Based on Isaiah 55; Ezekiel 37:1–14; Ephesians 2–4; 6:10–20
With help from the body: Randy Bonifield, Dawn Heckert,  Callie Johnson, Kia Hunt, Bobbie Jeffrey, and Emily Hobbs 

Complicity

 

Under the steeple

steeped in truth, full of people,

a darkness persists in the middle of the light.

 

’Cause while we the people in our pews take an hour away from news

to turn our eyes on Jesus,

in our flesh, we’re priming for a fight.

 

See, we’ve been stepped on, and the truth, it’s been dumped on,

and there’s a sea of white crosses for the ones

who’ve been imposed on to give their lives

for our freedom.

 

So we lash out with lashes against the trash talk of the masses

that we see as the crowd

of our country, the overloud

of our culture—the ones who don’t think

like me. In fact, the ones

who are evil, the ones

who need Jesus.

 

And so we take our Bibles, and we flail them at our neighbors.

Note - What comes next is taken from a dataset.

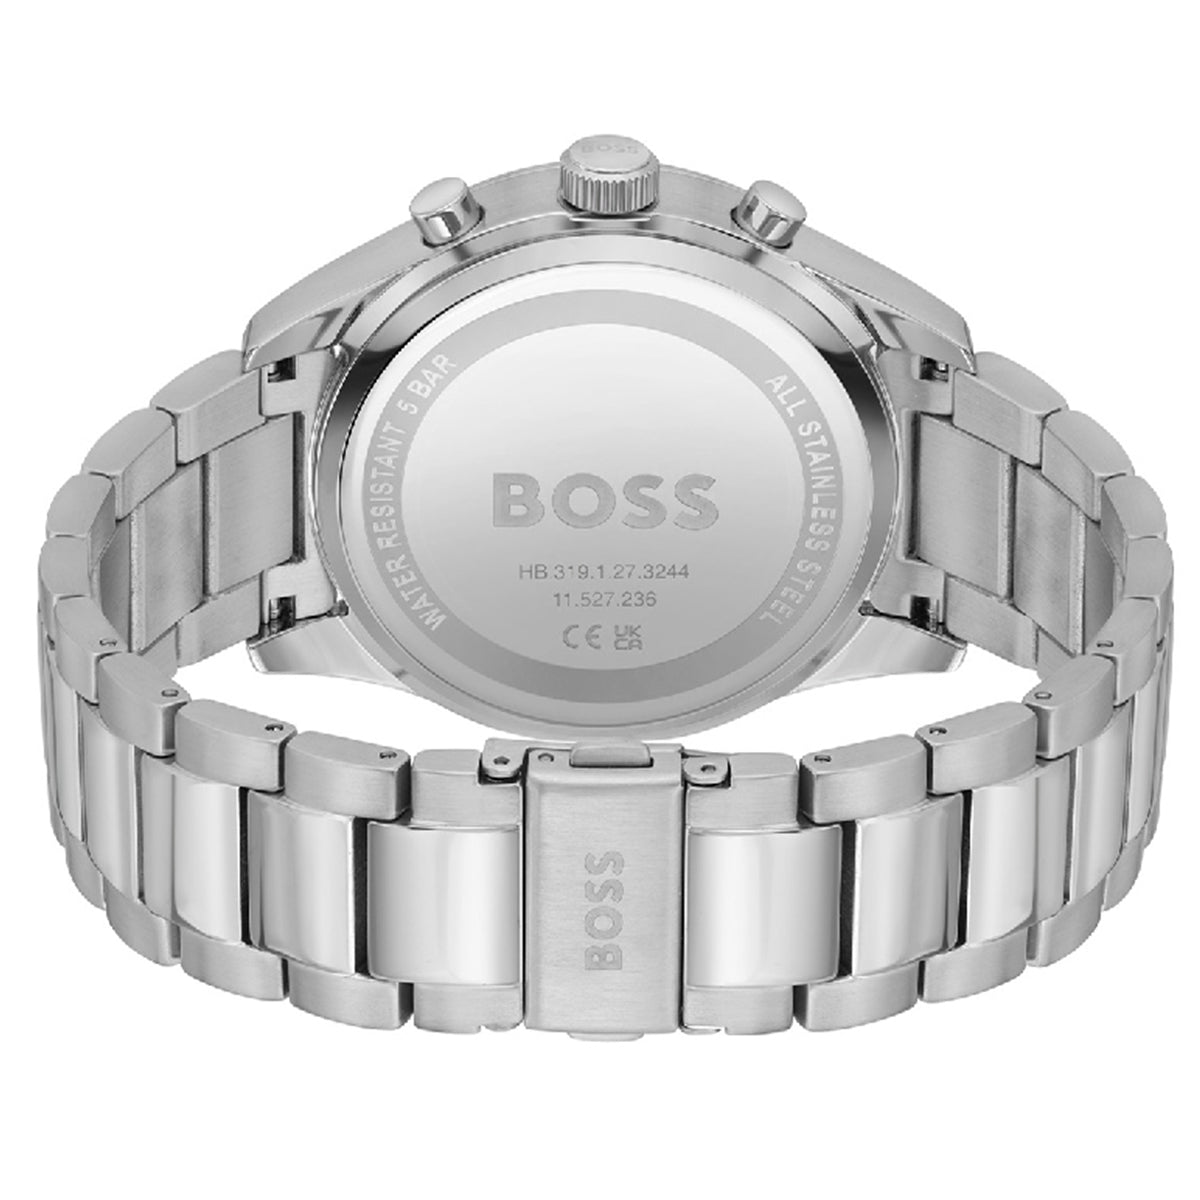 Boss - View - HB151.4008

We holler like children, "Mom, he started it!" We cry,

"I didn’t do it!" And inside we seethe

at the injustices on earth.

 

All the while—

in a dark corner of the cosmos, the underworld of the universe,

the serpent nurses bruises and sinks low to sit and watch

the great reality,

the show of earth.

 

He might run scared from a legion of saints

from every region, arms locked

not with religion but relation to the Regent—the King

of kings—the Savior—as we fight a common foe.

 

But here? There’s just a dust up in the ranks

that need to stand up, that are subdivided

by our make-up and the privilege

we won’t give up.

 

So Satan, he’s gettin’ cozy as us cretins,

we just mosey on down to the mud pits he set

to trap us in.

 

Like a sister getting fed up or a brother who won’t put up,

we just bicker till we break up, we argue

and we beat up God’s own image for a mockup of his kingdom.

 

And the image that we hold up to the world is a soul

that feels so small.

We have eaten and devoured the Word so much

that our spirits are parched, so that our hearts dry and shrivel.

But we deny it.

 

We might be right, but still wrong

because brother against brother, and

sister against sister, we leave our father and mother

to fight a holy war

all our own.

 

No grace, no irresistible attraction, no quarter for our enemies.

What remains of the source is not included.